• Instructions to follow
From start to end, write out the following data exactly, apart from its images.

• Data below

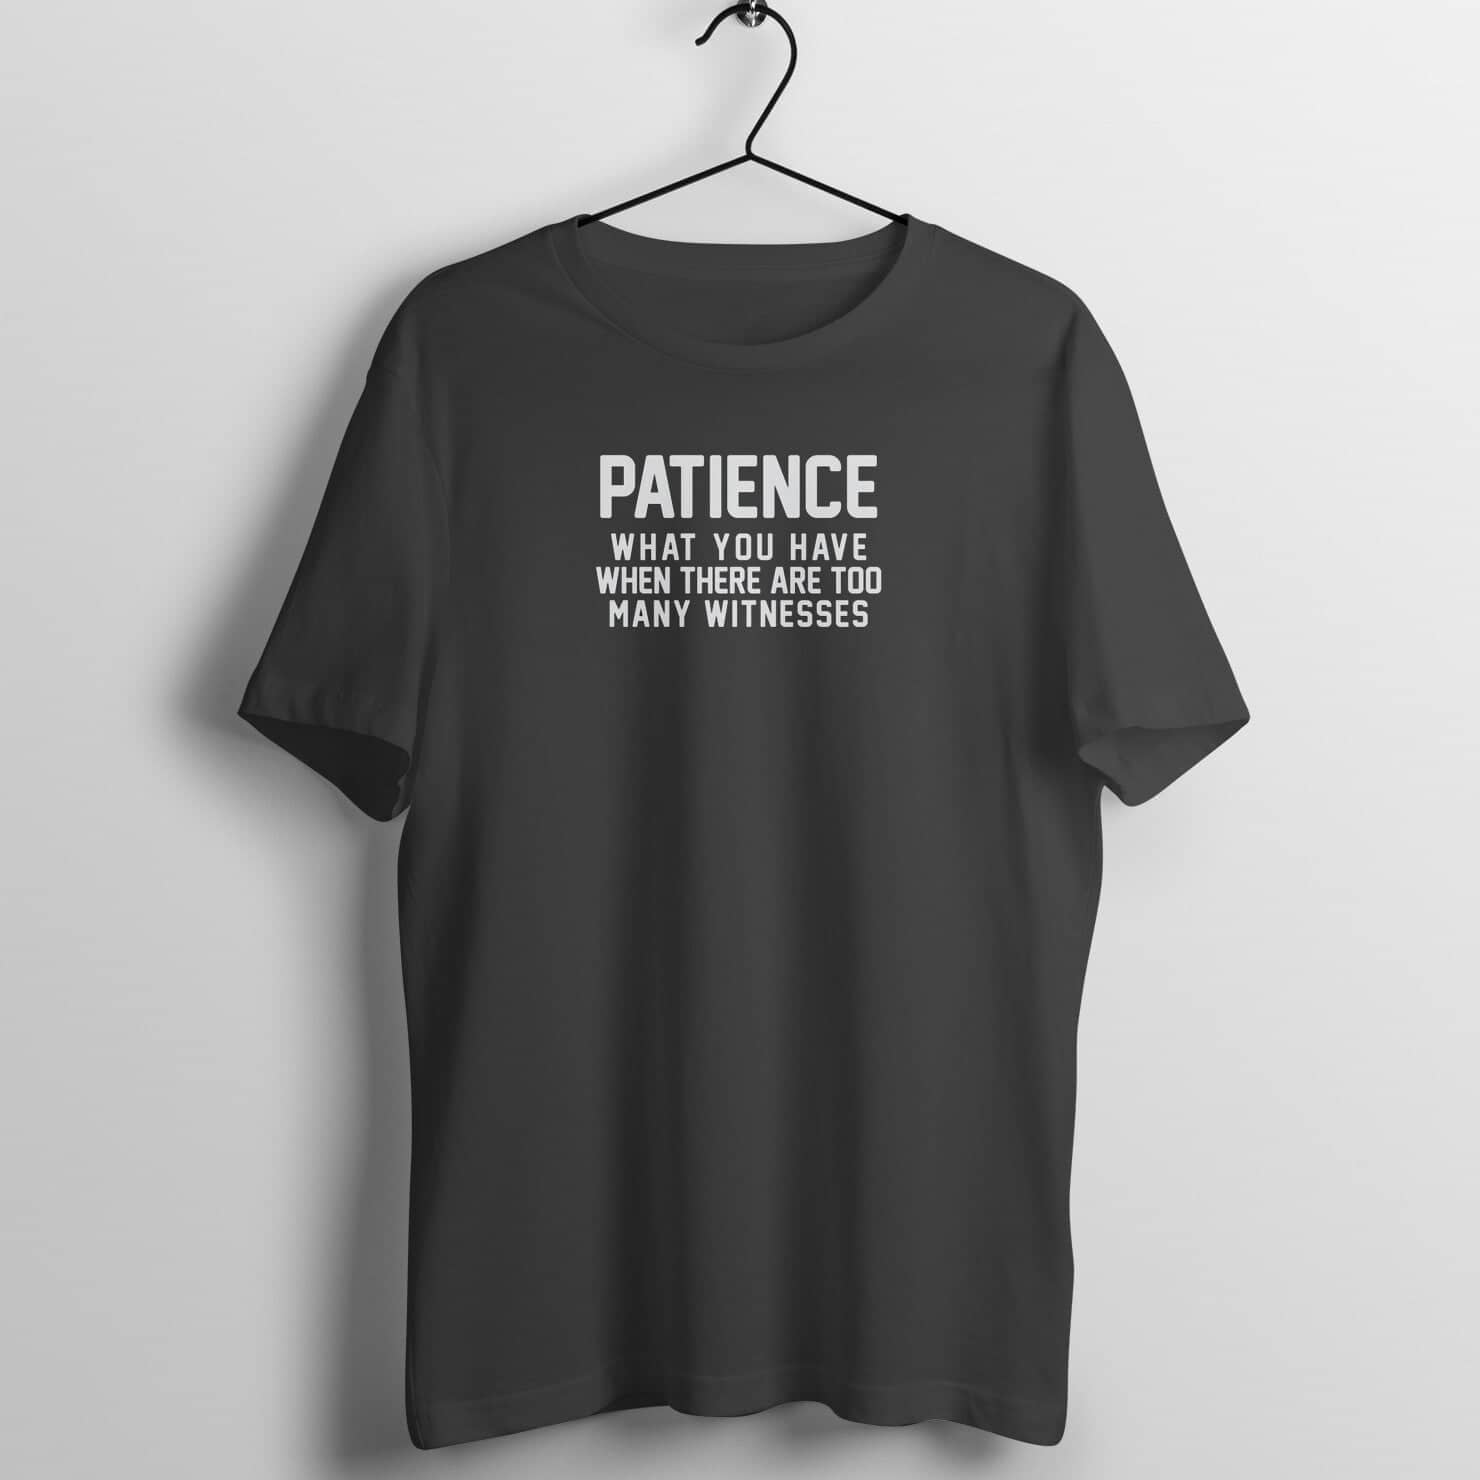 Patience Real Definition Funny Black T Shirt for Men and Women freeshipping - Catch My Drift India
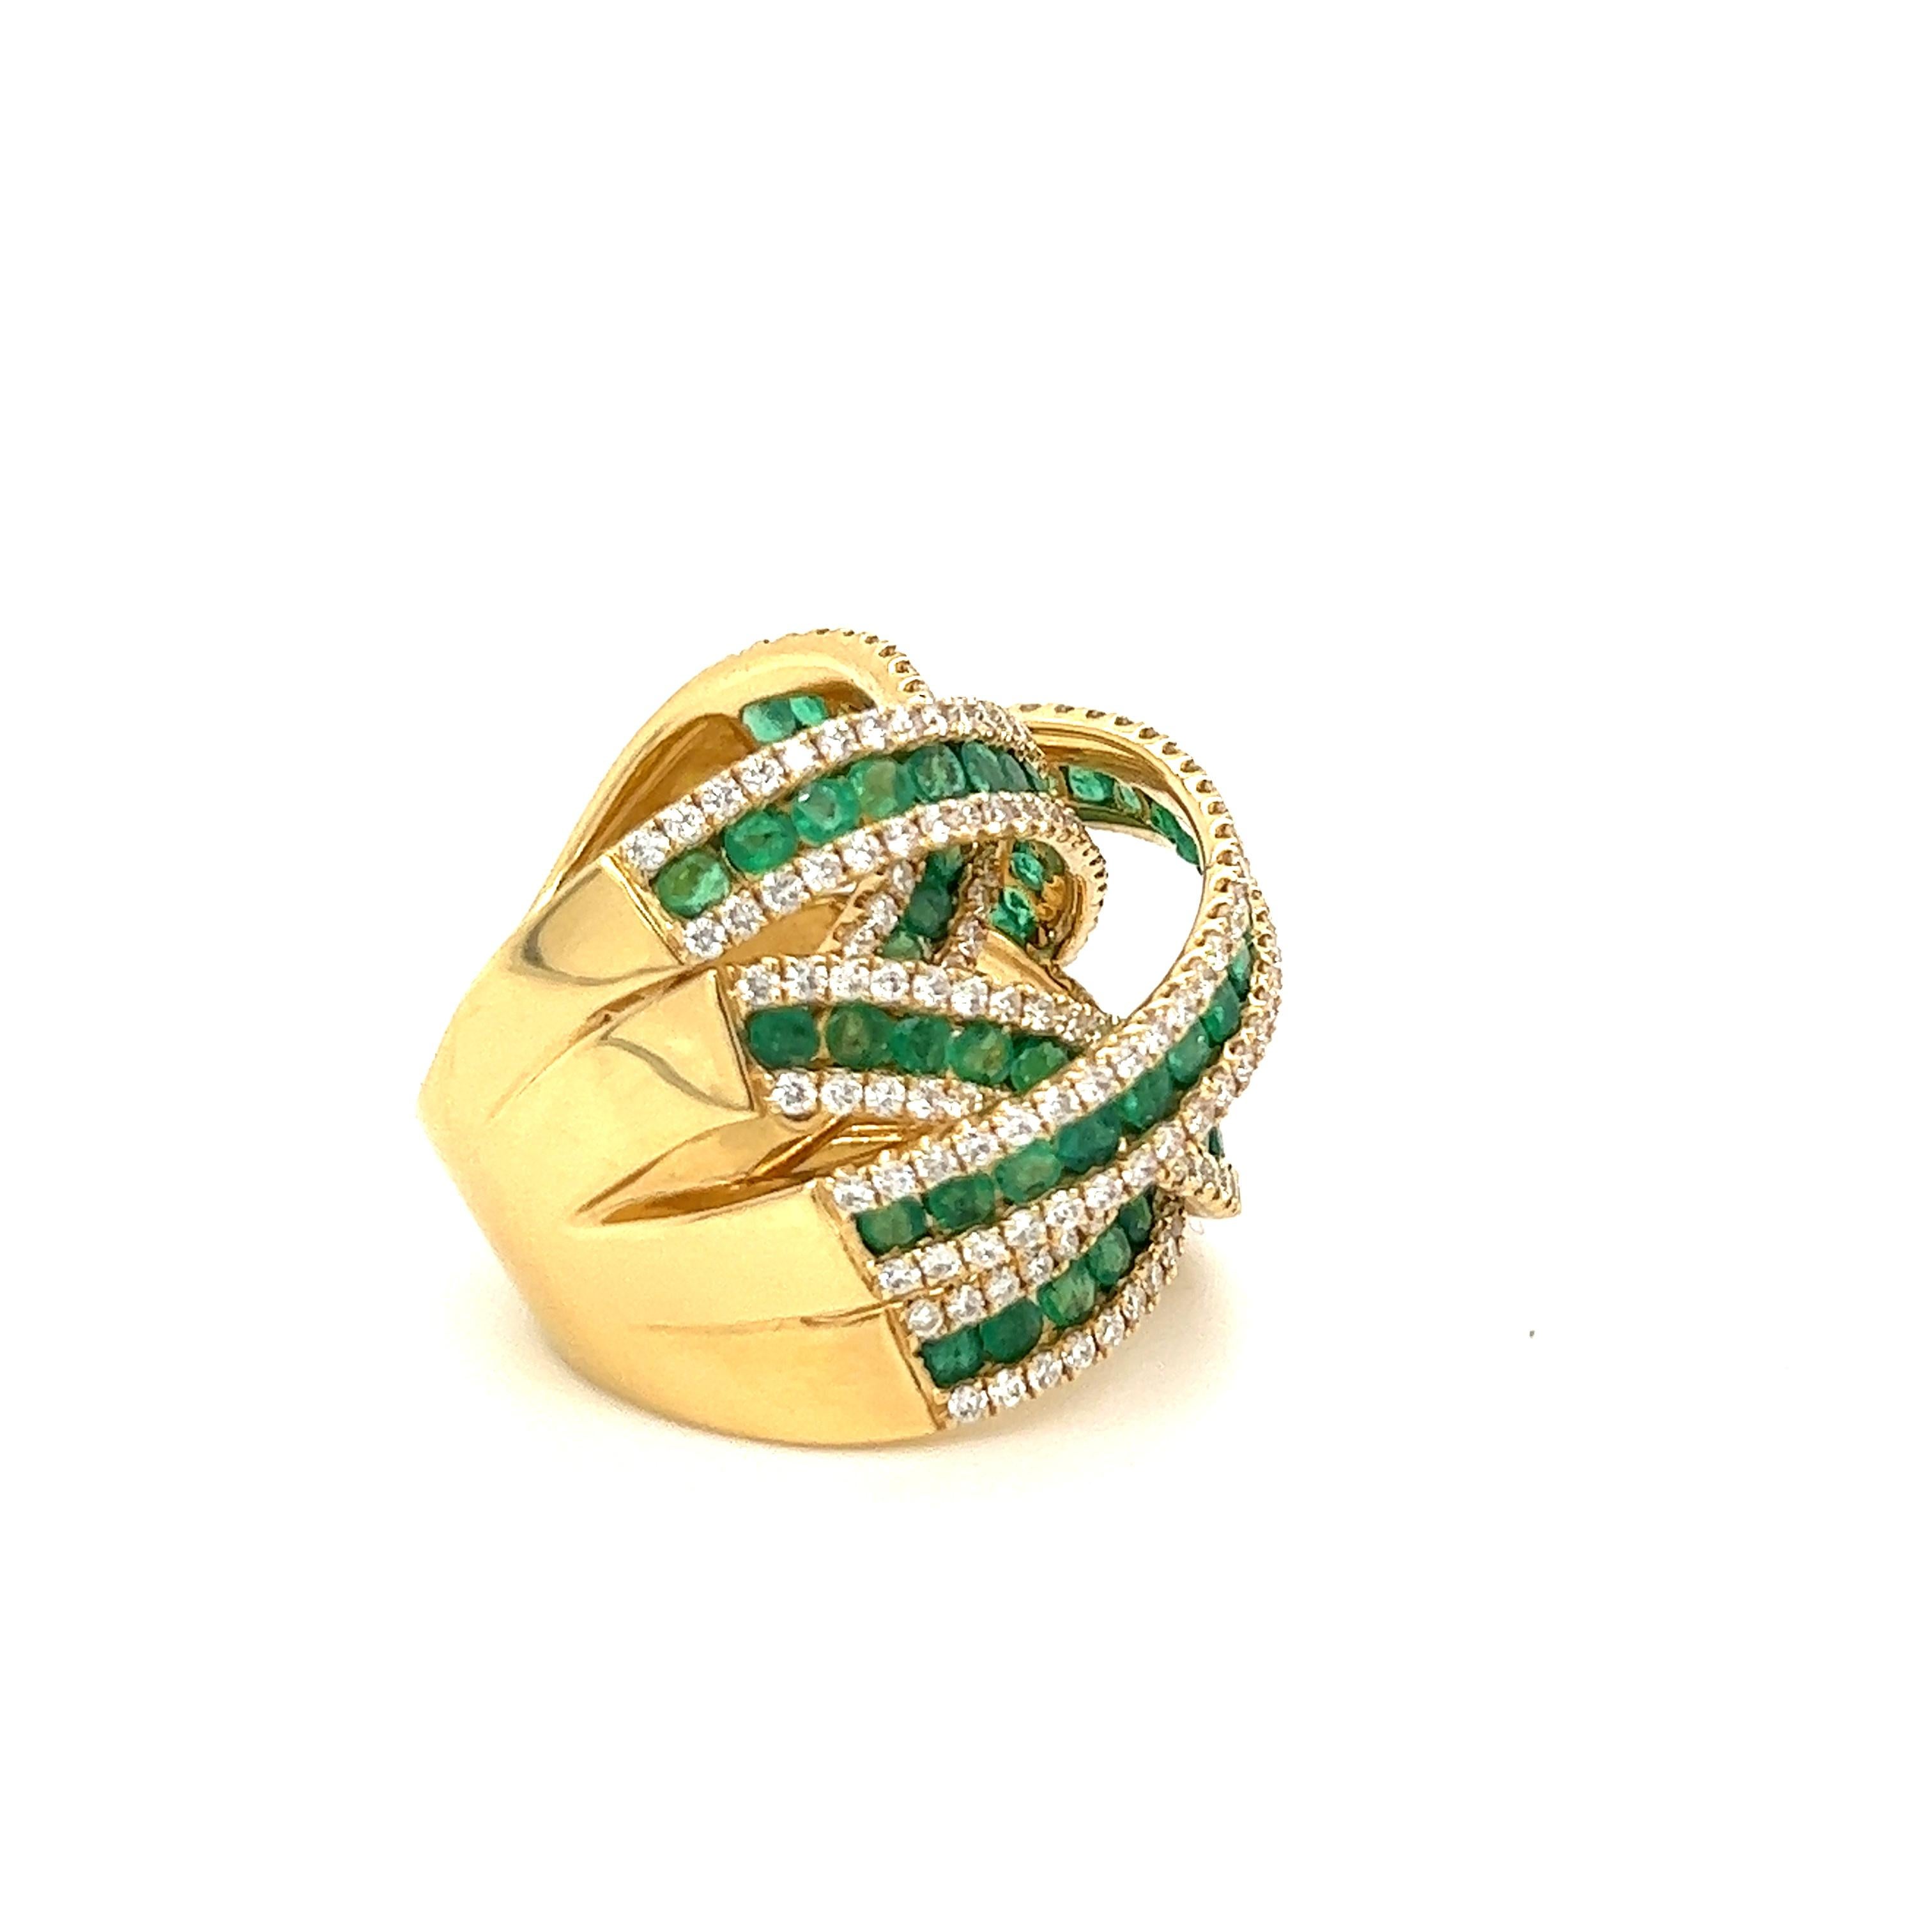 18 Karat Yellow Gold with Diamonds and Emeralds De Grisogono Inspired Style Ring For Sale 3
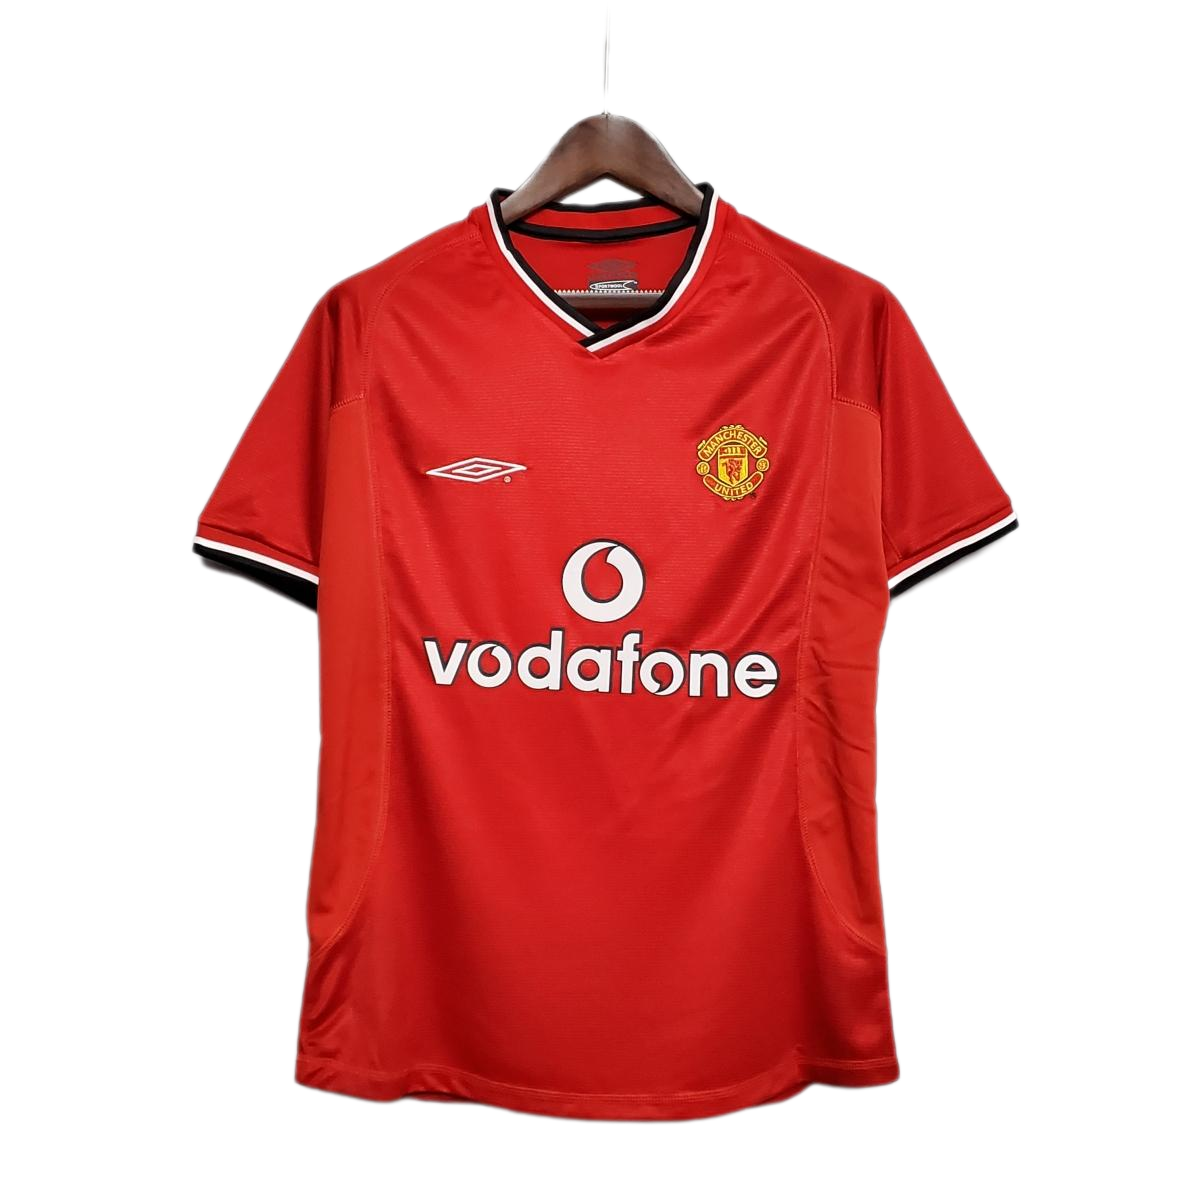 Retro 00/01 Manchester United Home Soccer Jersey

• Problem solution
 Patience Real Definition Funny Black T Shirt for Men and Women freeshipping - Catch My Drift India
 18 Karat Yellow Gold with Diamonds and Emeralds De Grisogono Inspired Style Ring For Sale 3
 Retro 00/01 Manchester United Home Soccer Jersey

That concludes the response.